Some of the demonstrators, mostly Iranian dissidents in exile, imitated public executions that took place in Iran. One protester with a mask of Iran’s Supreme leader Ayatollah Ali Khamenei held a paper ballistic rocket.
“In order to have a piece and security in the Middle East there has to be a major change in theocratic dictatorship in Iran and it must end – and end quickly – in order to have peace and stability,” said Rudy Guiliani, the personal lawyer of US President Donald Trump who attended the conference and addressed the rally.
Giuliani, who represents the exiled Iranian opposition group People’s Mojahedin Organization of Iran (PMOI/MEK) at the Warsaw conference, said Iran cannot be trusted to comply with the requirements of JCPOA, the 2015 nuclear deal that was signed to prevent Tehran from building nuclear weapons in exchange for sanctions relief.
Tehran needs to be isolated because of its destabilising influence in the region, he said, insisting he did not represent Trump at the event.
Giuliani, the former New York City mayor, said the main goal of the protest was to push the participants of the conference to focus on Iran.
‘Regime change’
Speaking to journalists after his speech, Giuliani called for “regime change” in Iran.
Robert Torricelli, a former US senator who also attended the Warsaw conference representing PMOI/MEK, was also categorical with the call for different leadership in the country.
He dismissed attempts at negotiations with Tehran, saying: “We have hoped for the best for 40 years and they have answered us with terrorism, oppression and death.”
“The thousands of martyrs in Iran, laying in their graves are a testament to the fact there is no negotiating with this regime. The regime must end now,” he said.
In Tehran, Ayatollah Khamenei said on Wednesday that negotiations with the US would bring “nothing but material and spiritual harm”.

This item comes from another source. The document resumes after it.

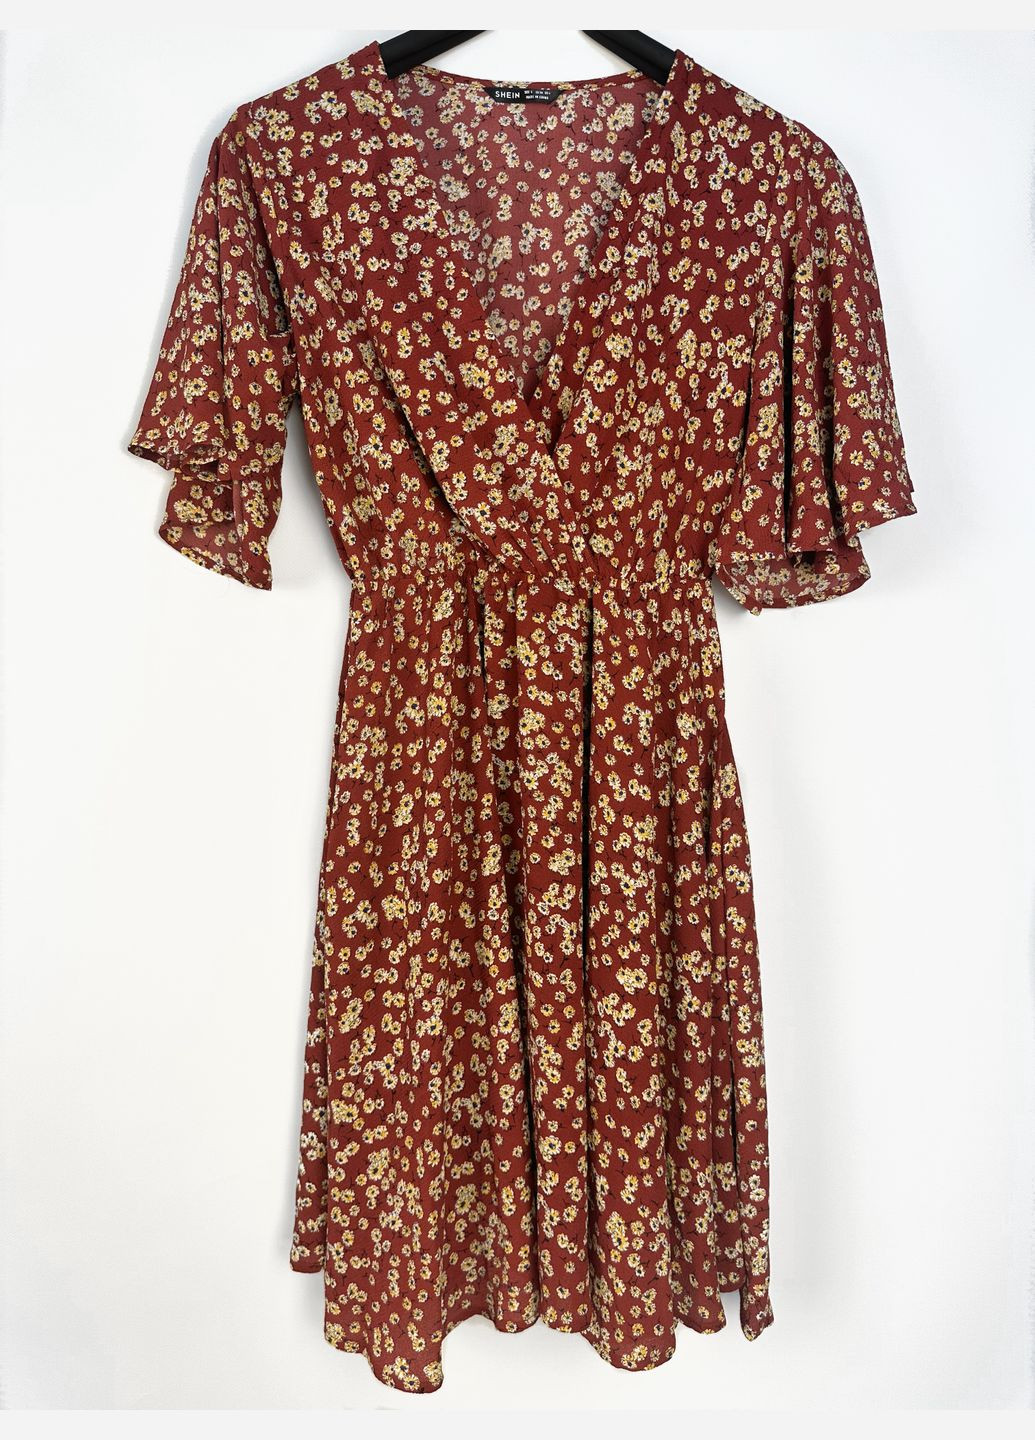 Комбинированное платье красная в цветочный принт btg-0017 SHEIN

“The resolution of any issues is not imaginable,” he said. The talks would be like “going on your knees before the enemy and kissing the claws of the wolf”.
Khamenei’s remarks were part of a seven-page statement read out word-for-word on Iranian state television and heavily promoted in the run-up to its release.
The remarks come two days after the 40th anniversary of the 1979 Islamic Revolution amid heightened tensions between Tehran and Washington.